The Effect of Geological and Geomechanical Parameters on Reservoir Stress Path and Its Importance in Studying Permeability Anisotropy

Abstract

Summary Reservoir stress path is defined as the ratio of change in effective horizontal stress to the change in effective vertical stress from initial reservoir conditions during pore-pressure drawdown. Measured stress paths of carbonate and sandstone reservoirs are always less than the total stress boundary condition (isotropic loading) and are either greater or less than the stress path predicted by the uniaxial strain boundary condition. Clearly, these two boundary-condition models that are commonly used by the petroleum industry to calculate changes in effective stresses in a reservoir and to measure reservoir properties in the laboratory are inaccurate and can be misleading if applied to reservoir management problems. A geomechanical model that incorporates geologic and geomechanical parameters was developed to more accurately predict the reservoir stress path. Numerical results show that reservoir stress path is dependent on the size and geometry of the reservoir and on elastic properties of the reservoir rock and bounding formations. In general, stress paths become lower as the aspect ratio of reservoir length to thickness increases.
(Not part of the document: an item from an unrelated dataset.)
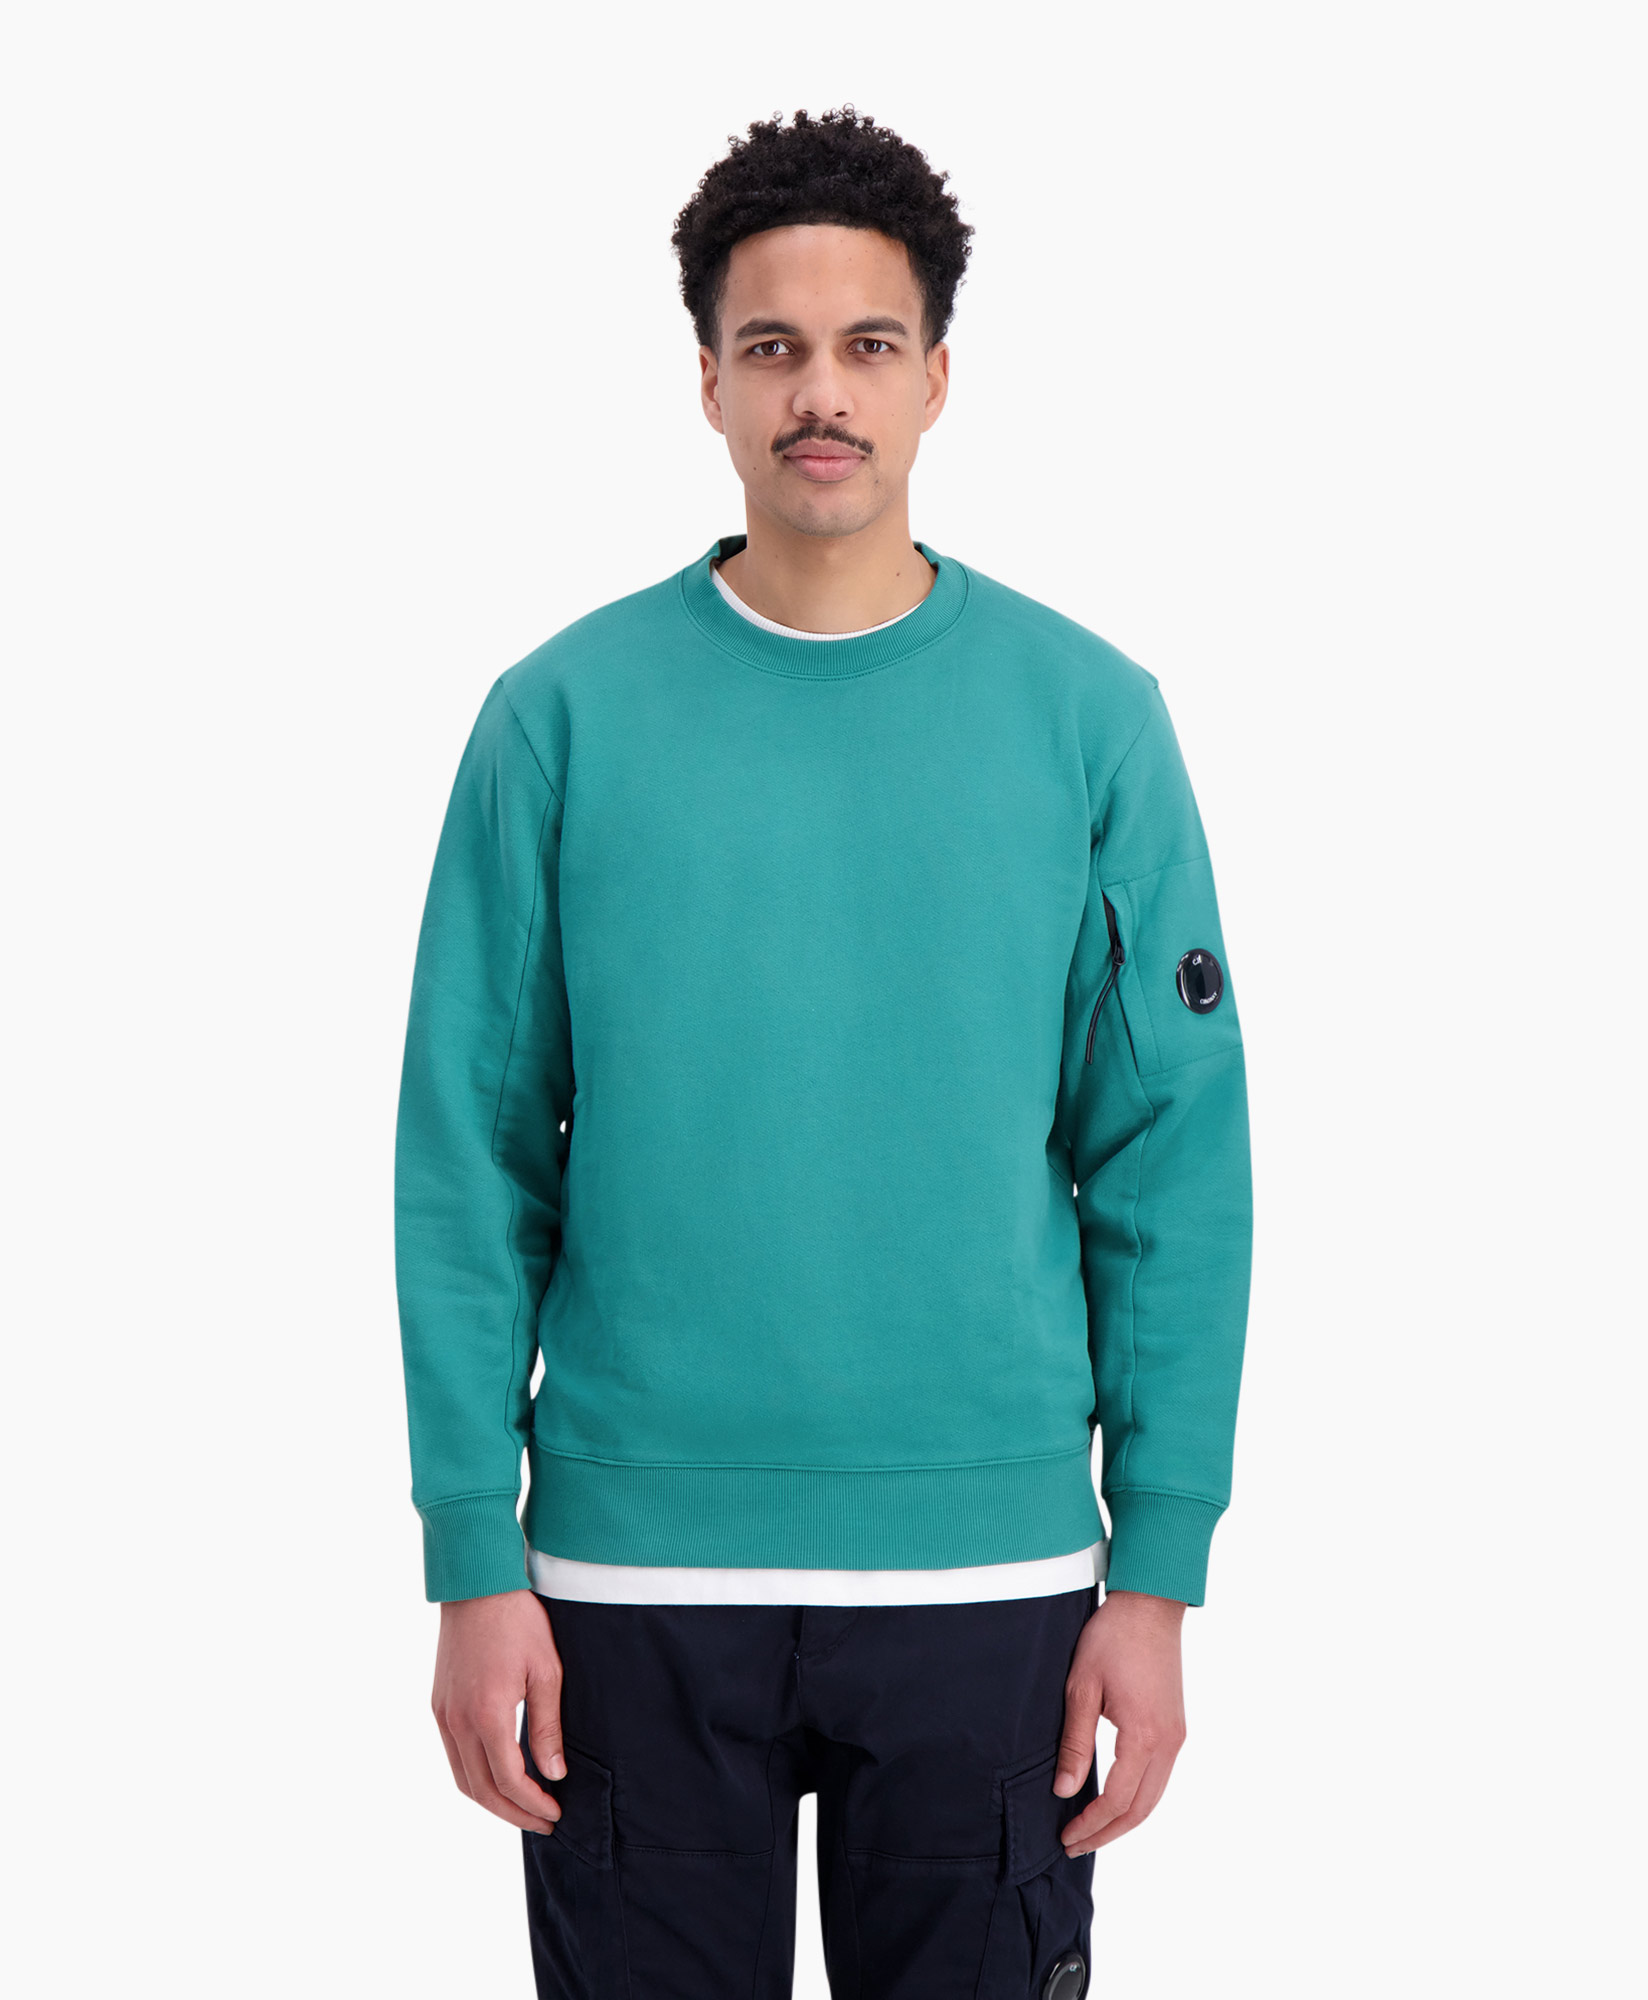 Cp Company Sweater S022a-005086w Groen

Lenticular sandstone reservoirs have a higher stress path than blanket sandstone reservoirs that are continuous across a basin. This effect is enhanced when the bounding formations have a lower elastic modulus than the reservoir and when the reservoir is transversely isotropic. In addition, laboratory experiments simulating reservoir depletion for different stress path conditions demonstrate that stress-induced permeability anisotropy evolves during pore-pressure drawdown. The maximum permeability direction is parallel to the maximum principal stress and the magnitude of permeability anisotropy increases at lower stress paths.